Except 9/10 times microservices end up wildly dependent on each other, yielding a distributed monolith. Better to use service oriented architecture and just ship the monolith, you can test easier and skip the extra layers of serialization / deserialization.
I believe that "single source of truth" is a principle that should always be followed. If there's duplicated code where it'd be a bug if they diverge, then you should refactor. It creates a long-distance coupling in your code that may be invisible to future developers until a bug emerges.
But with that in mind, I mostly agree with the article: if it's not a violation of "single source of truth", then abstractions are just a convenience. If it starts being inconvenient, then it's not doing its job and there's no reason to use it. It's a serious code smell if a function needs several flags for custom behavior; that means it's probably the wrong abstraction or violating the single responsibility principle. If there is a legit need for lots of customization, an often-good way to handle is to take a function/functor as an argument for the customization. E.g., rather than `solve(f:double -> double, max_iters = 99, x_abs_tol = 1e-15, x_rel_tol = 1e-15, ...)` you can do `solve(f:double -> double, stopping_criteria: StoppingCriteriaClass)`
I once used code duplication to implement a fourth type of dialog that looked somewhat similar to the others, that were sharing a lot of code, because I felt that although it looked much the same as the others, there was some fundamental difference. Took me about a day to implement. When some other engineer saw this, he spend the next three weeks trying to integrate all of them with some shared class. His work was not completely worthless, because he did find some small bug during all his efforts to avoid any possible code duplication. I already had predicted that it would take a lot effort, but I did not object, because I hoped that he would learn something from it and the next time think twice before always trying to avoid code duplication.
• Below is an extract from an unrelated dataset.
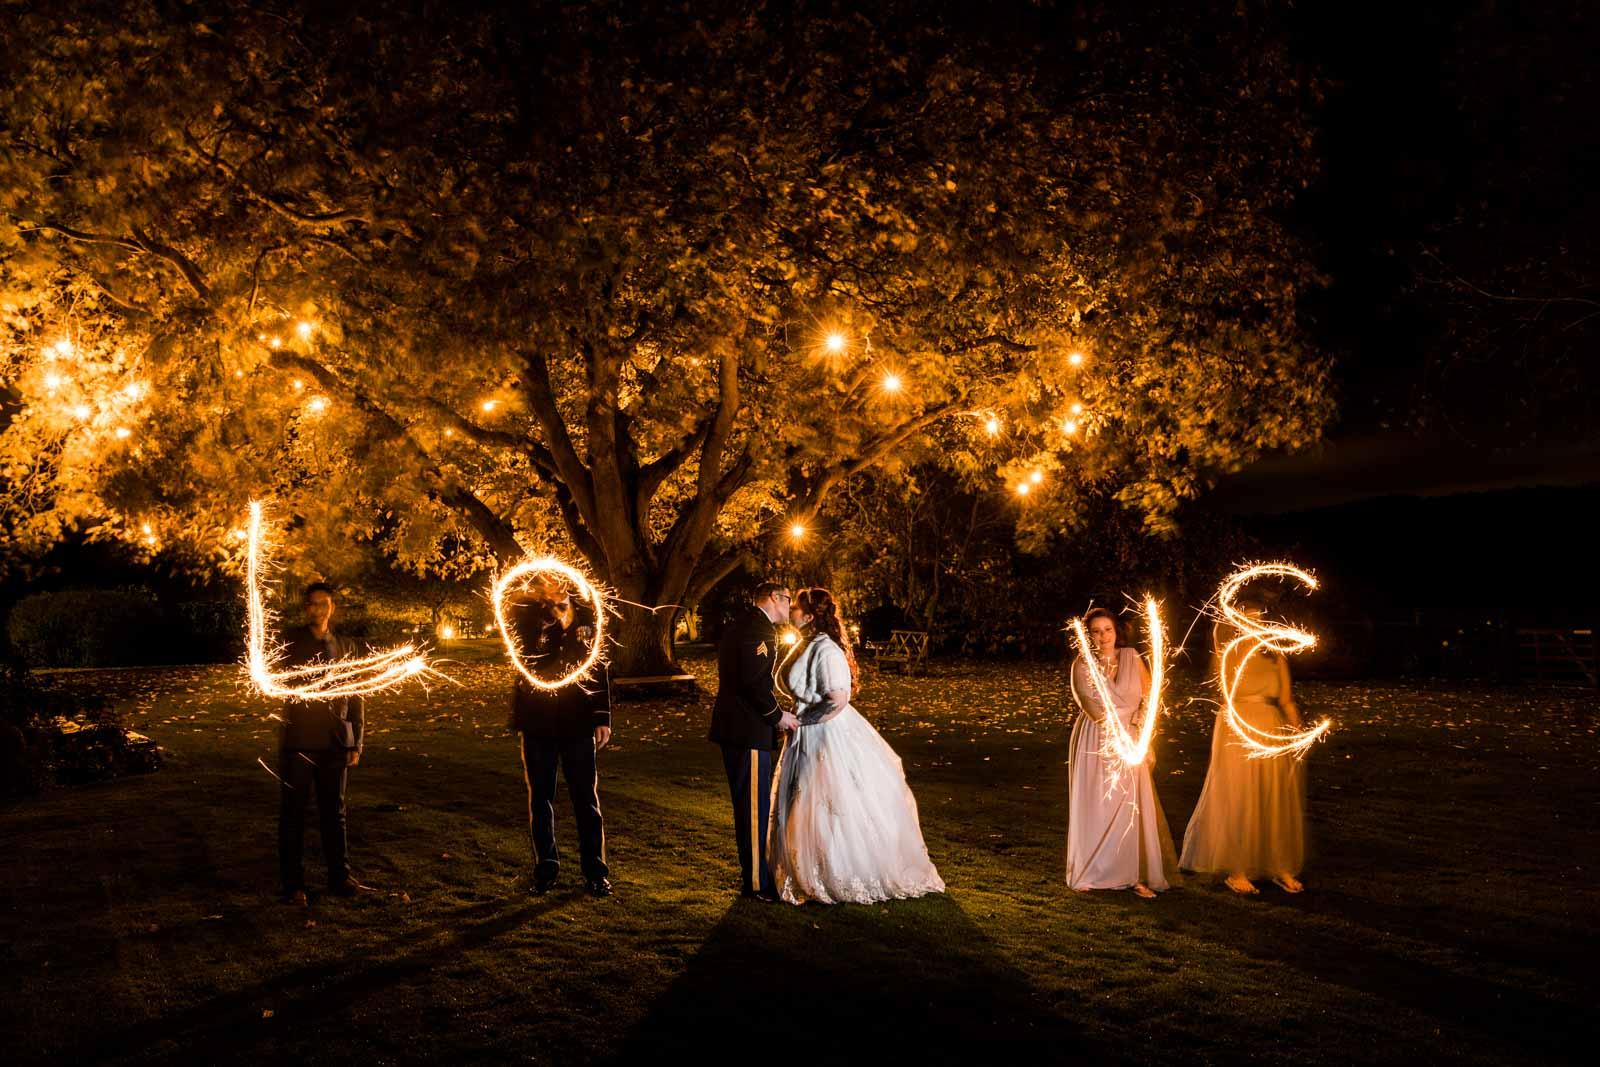 Great wedding sparkler ideas taken at Crockwell Farm

Two talks come to mind here: Mike Acton's Data-Oriented Design and C++ [1] and
Brian Cantrill's The Complexity of Simplicity [2].
Mike's talk argues that code solutions need not be modelled on the real world, and that different data creates different problems, which need different solutions. I can't do the talk justice, but it's had a big impact on me.
Brian's talk is about abstraction generally, and how it's difficult to find the "right" abstraction.
> Mike's talk argues that code solutions need not be modelled on the real world, and that different data creates different problems, which need different solutions.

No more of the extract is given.